If you still facing problems you have to open an issue on github (https://github.com/HtmlUnit/htmlunit).
But keep in mind i can only really help if i can run/and debug your code here - means you web app has to be public.
Basically I'm trying to use HTML unit to perform a login.
However the login as form to input the username with a button next, then it actulizes the form and the password should be inputed. My problem occurs when I do button.click() the page gets the first form not the second where should be inputted the password
public void search() throws Exception {
WebClient wb = new WebClient();
HtmlPage p = wb.getPage(
"https://account.booking.com/sign-in?op_token=EgVvYXV0aCJHChQ2Wjcyb0hPZDM2Tm43emszcGlyaBIJYXV0aG9yaXplGhpodHRwczovL2FkbWluLmJvb2tpbmcuY29tLyoCe31CBGNvZGUqDDCgqZHe5rMjOgBCAA");
// HtmlPage p = (HtmlPage) wb.getPage(this.bUrl);
List<HtmlForm> form = p.getForms();
form.get(0).getInputByName("loginname").setValueAttribute("1234567");
HtmlForm fm = form.get(0);
System.out.println(form.get(0).getInputByName("loginname").getValueAttribute().toString());
List<Object> button = fm.getByXPath("//button[#type='submit']");
HtmlButton bt = (HtmlButton) button.get(0);
System.out.println(p.asText() + "\n+_________________");
bt.click();
System.out.println(p.asText());
}
The output shows to be the same before and after the bt.click()
1234567
Booking.com Account
This website uses cookies. Click here for more information.
Close
Sign In to Manage Your Property
Username
1234567
Next
Having trouble signing in?
Questions about your property or the Extranet? Visit the Partner Help Center or ask another partner on the Partner Forum.

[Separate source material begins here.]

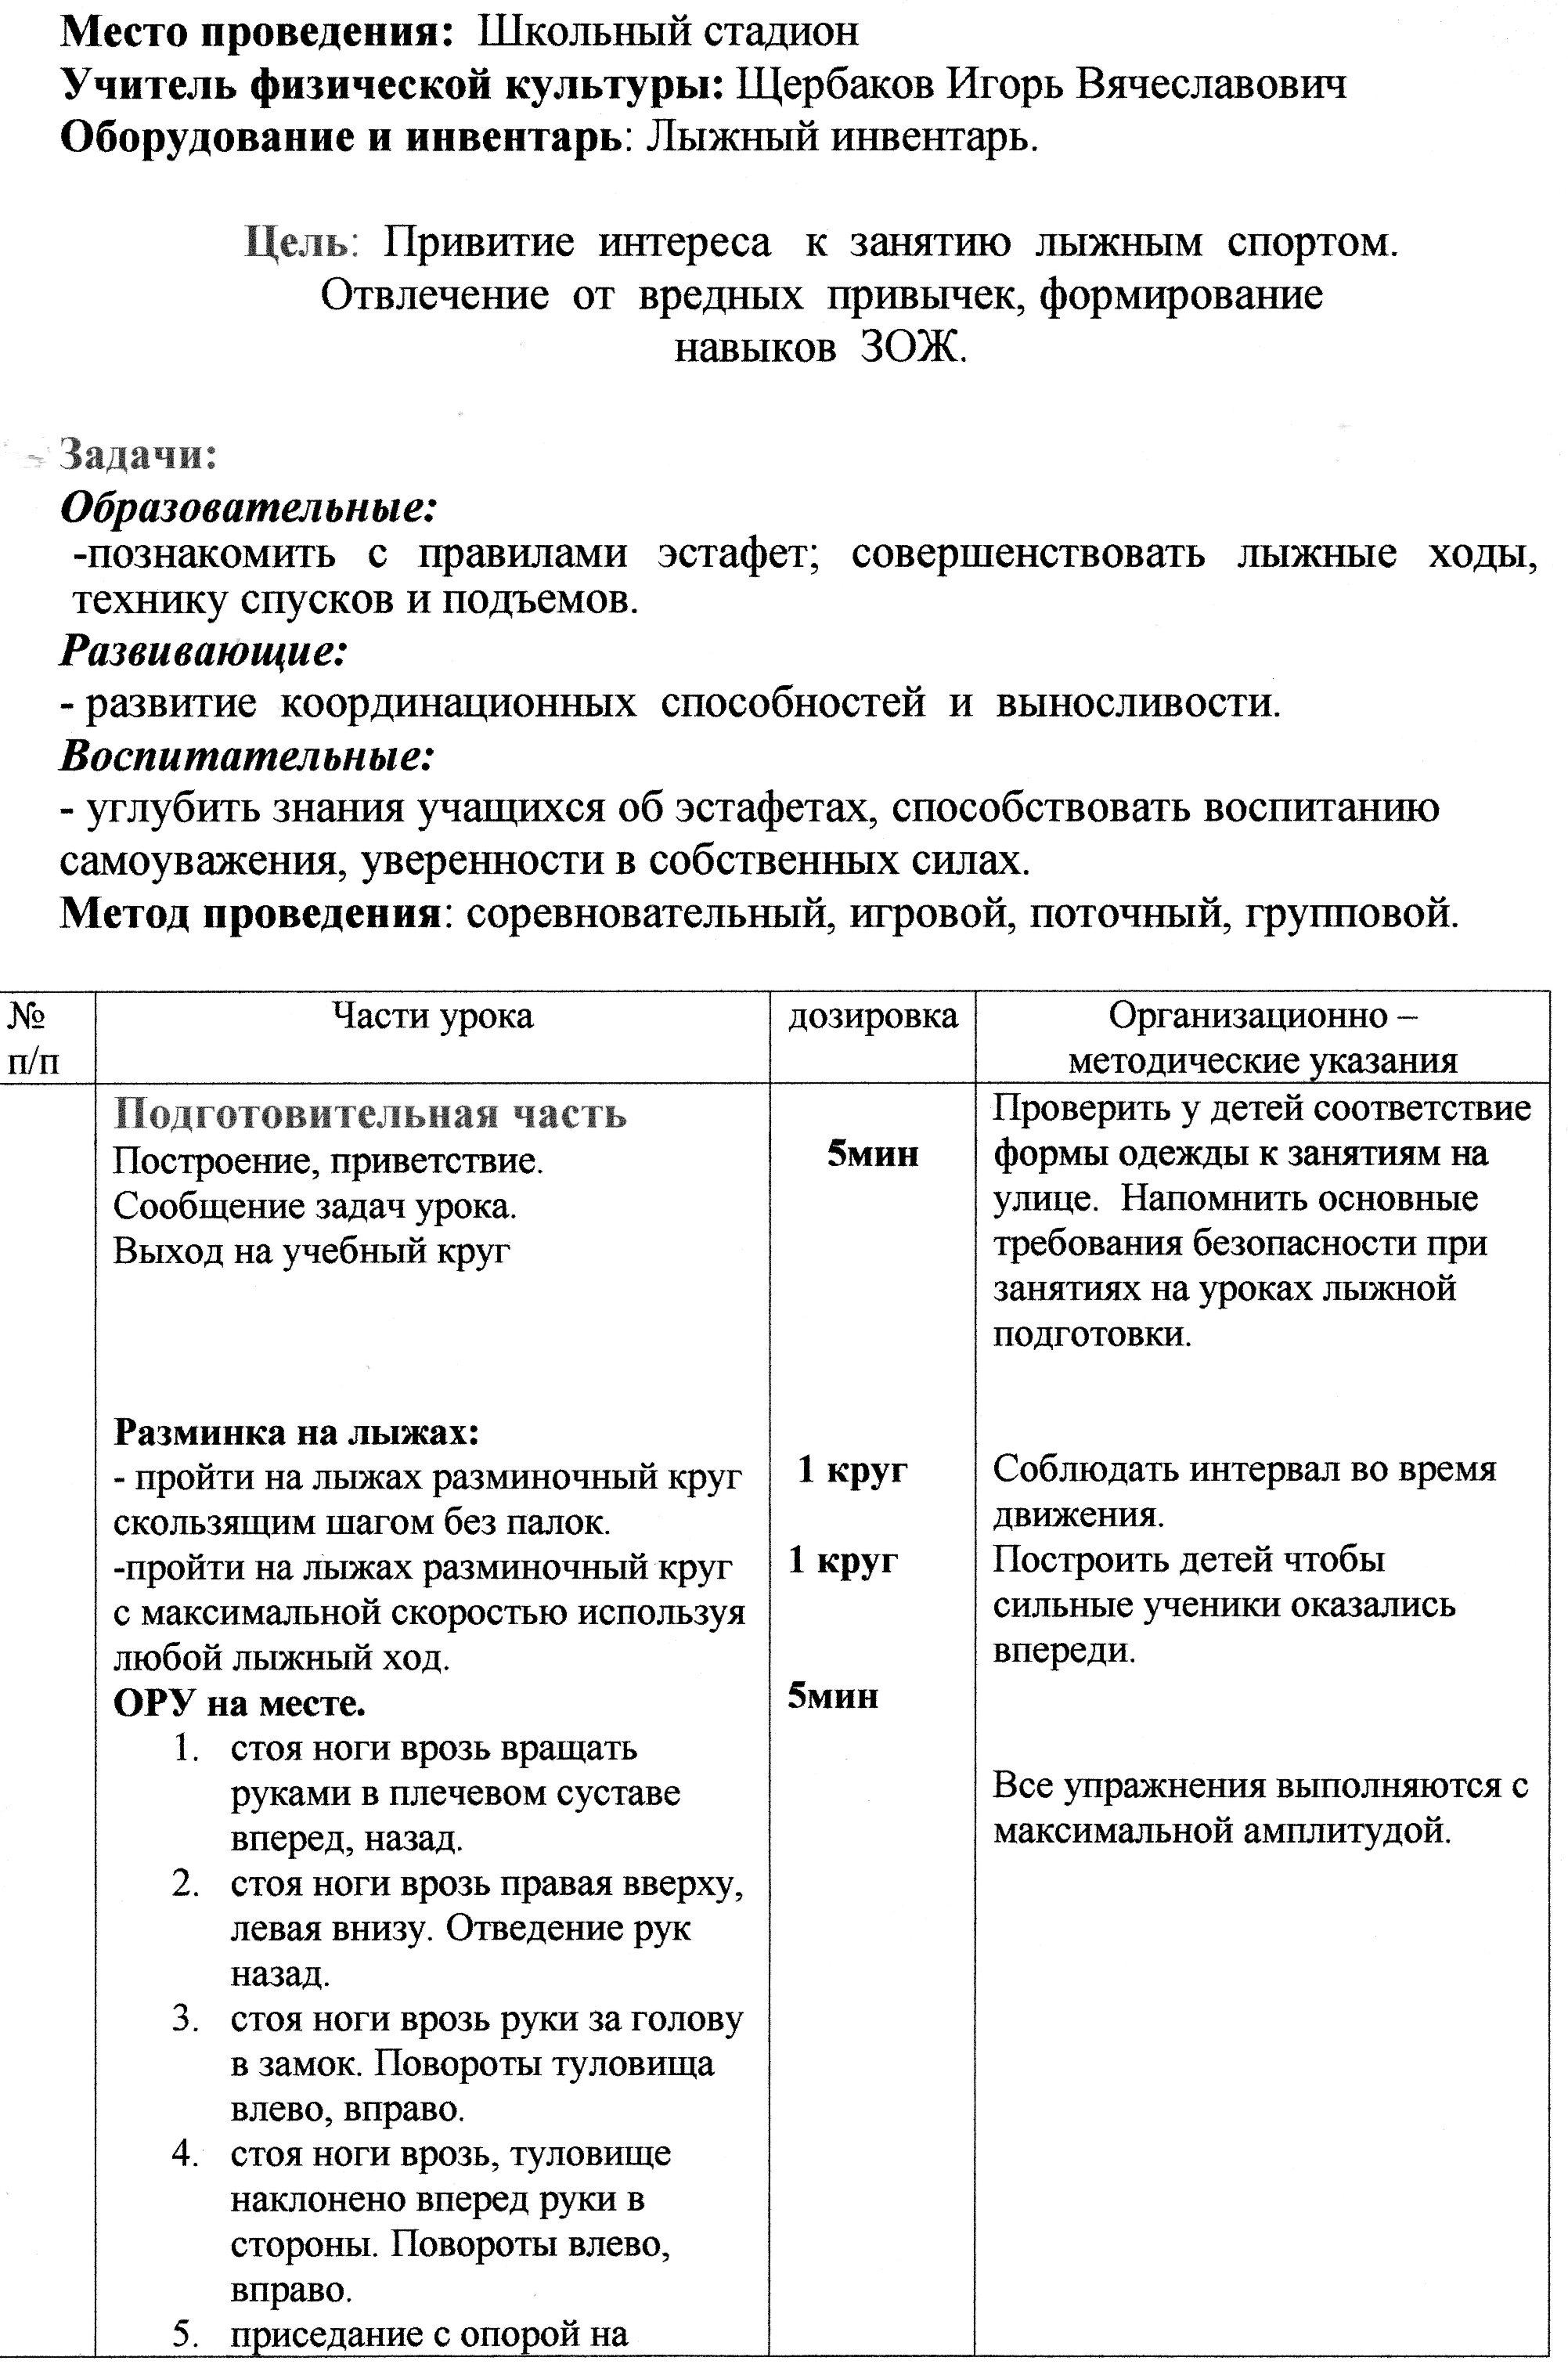 D:\Documents\документы\img092.jpg

Add your property to Booking.com
Create a partner account to list and manage your property.
Register
By clicking "Allow access" you authorize Extranet to use your Booking.com account info according to Extranet Terms of service.
+_________________
Booking.com Account
This website uses cookies. Click here for more information.
Close
Sign In to Manage Your Property
Username
Enter your username
Next
Having trouble signing in?
Questions about your property or the Extranet? Visit the Partner Help Center or ask another partner on the Partner Forum.
Add your property to Booking.com
Create a partner account to list and manage your property.
Register
By clicking "Allow access" you authorize Extranet to use your Booking.com account info according to Extranet Terms of service.

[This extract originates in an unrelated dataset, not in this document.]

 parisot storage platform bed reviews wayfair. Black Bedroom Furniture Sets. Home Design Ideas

Sorry, but your code is based on a fundamental misunderstanding of Html and HtmlUnit.
HtmlPage p = wb.getPage(.....
retrieves a (html) page. This page is shown inside a browser window (same in HtmlUnit). If you interact with elements on this page like
form.get(0).getInputByName("loginname").setValueAttribute("1234567");
or better
form.get(0).getInputByName("loginname").type("1234567");
these elements are changing there state and as a result the whole page changes.
But:
Clicking an submit button is a total different story. In this case the browser (and HtmlUnit also) sends a Http Request to the server and gets back a new HtmlPage. Usually this page is shown inside the same window.
In HtmlUnit this is reflected by the return value of the click method - the return value is the new page. As long you are not assigning this value to a page variable and doing your next steps on this new page you are still working with the old one.

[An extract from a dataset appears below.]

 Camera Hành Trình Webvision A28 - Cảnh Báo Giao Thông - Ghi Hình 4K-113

BTW: there is a commented sample on the Getting Started HtmlUnit page.
So far the simplest version of form/submit handling. But today the thinks are a bit (in fact many bits) more complicated because most of the pages out there doing (additional) magic based on javascript (e.g. Ajax).
Suggestion:
if you send me some credentials via private mail i can try to help you to get this login working based on HtmlUnit.
Suggestion 2:
Try to learn and understand all the technical stuff related to the web, without this you will be lost.